A pandemia é uma calamidade que independe de nós. Uma onda impetuosa que se espraiou ceifando milhares de vidas e que não sumirá, por mais que desejemos, num passe de mágica. Em nosso caso particular, a essa má fortuna planetária somou-se uma segunda: a ausência de um príncipe virtuoso. Não custa recordar. O mandatário brasileiro, já em janeiro de 2021, no dia em que o país atingiu 200 mil mortes, achou por bem lembrar-nos que “a vida continua”. “Chega de frescura e de mimimi, vão ficar chorando até quando?” Numa das piores semanas da pandemia, em março, quando o país somou 15.600 mortes, cerca de 25% das mortes no planeta para uma população de 2,7% da mundial, com o sistema de saúde em colapso, pessoas morrendo em ambulâncias por falta de leitos hospitalares, outras em leitos morrendo por falta de oxigênio, o mesmo mandatário informou à nação: “Estamos dando certo, apesar de um problema gravíssimo que enfrentamos desde o ano passado.

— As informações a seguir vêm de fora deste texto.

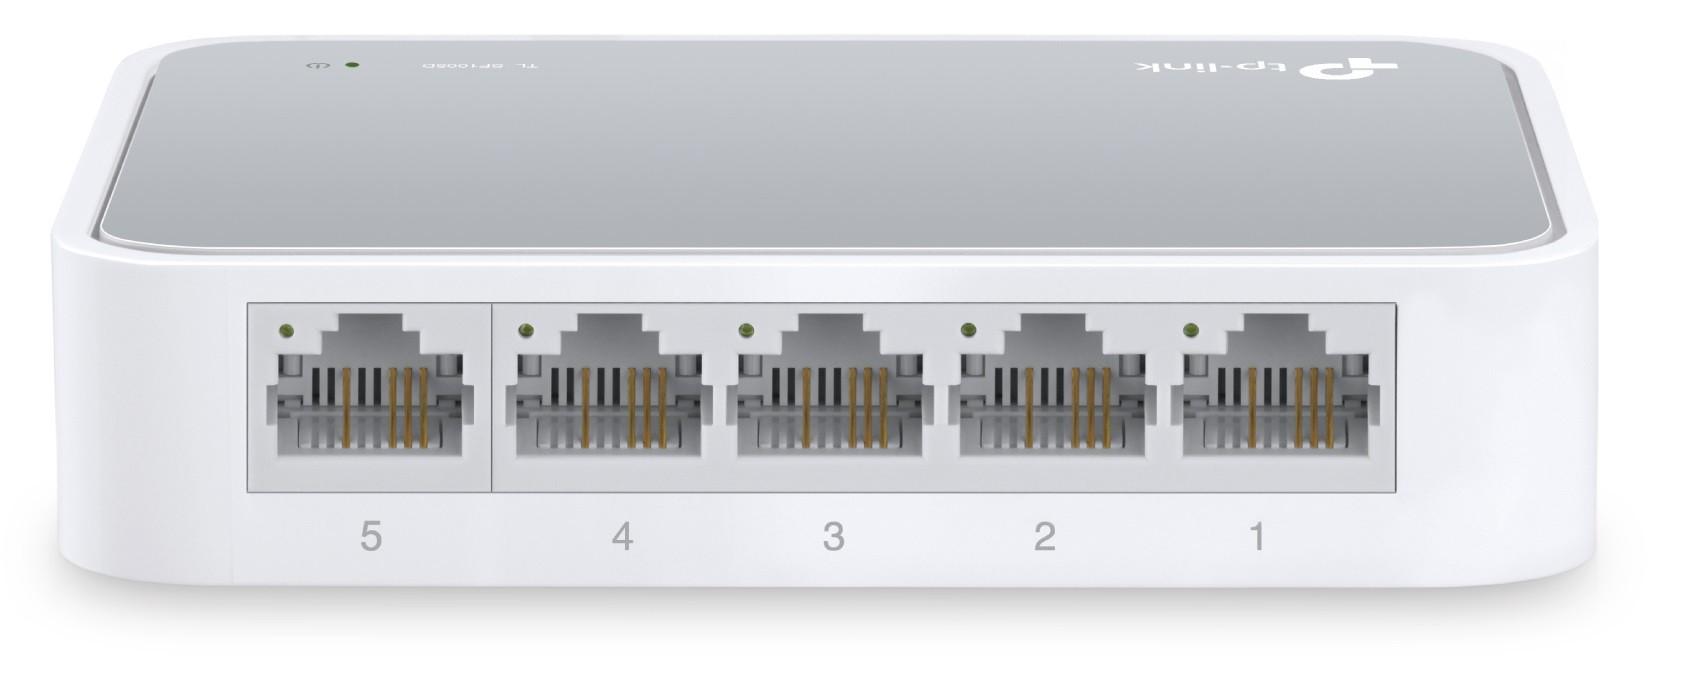 Switch 5 Portas JetStream 05 10/100 L2 NG TL-SF1005D TP-Link   - Eletroinfocia

Mas o Brasil vem dando exemplo. Somos um dos poucos países que está na vanguarda em busca de soluções”. Esse quadro, como é sabido, agravou-se imensamente pelo descaso com a compra e distribuição de vacinas que poderiam ter chegado bem antes e em maior quantidade aos brasileiros; e isso para nem falar na cotidiana sabotagem, por meio de declarações e pequenos atos institucionais, dos esforços de contenção da doença e preservação de vidas.

Em suma, do ponto de vista de Maquiavel, uma impressionante tentativa de fazer da imprudência um destino! A nulidade da virtude revela-se na brutal insensibilidade que quer camuflar a falha de, no momento oportuno, não ter compreendido a gravidade da fortuna (“gripezinha”?) e tomado as providências necessárias (vacinas, medidas sanitárias etc.) para brecar ou pelo menos minorar a ação da doença. Sem a ação ordenada da virtù, em 2021 entre nós, foi como se a fortuna tivesse livre curso para realizar seus estragos, deixar milhões de contaminados e ceifar 412.800 vidas.

Nem sempre morrer é simplesmente, como mais de uma vez disse o presidente da República, “o destino de todo mundo”. A morte faz parte da vida, mas não morrer de qualquer jeito em meio a uma mortandade evitável. Às vezes, isso depende mesmo só da incompetência política.

Olhando para 2021, é inevitável o sentimento: que falta nos fez, nesse ano terrível que findou, um príncipe virtuoso!


Homero Santiago
Livre-docente pela Universidade de São Paulo, onde é professor de História da Filosofia Moderna. Possui graduação, mestrado e doutorado em Filosofia pela Universidade de São Paulo.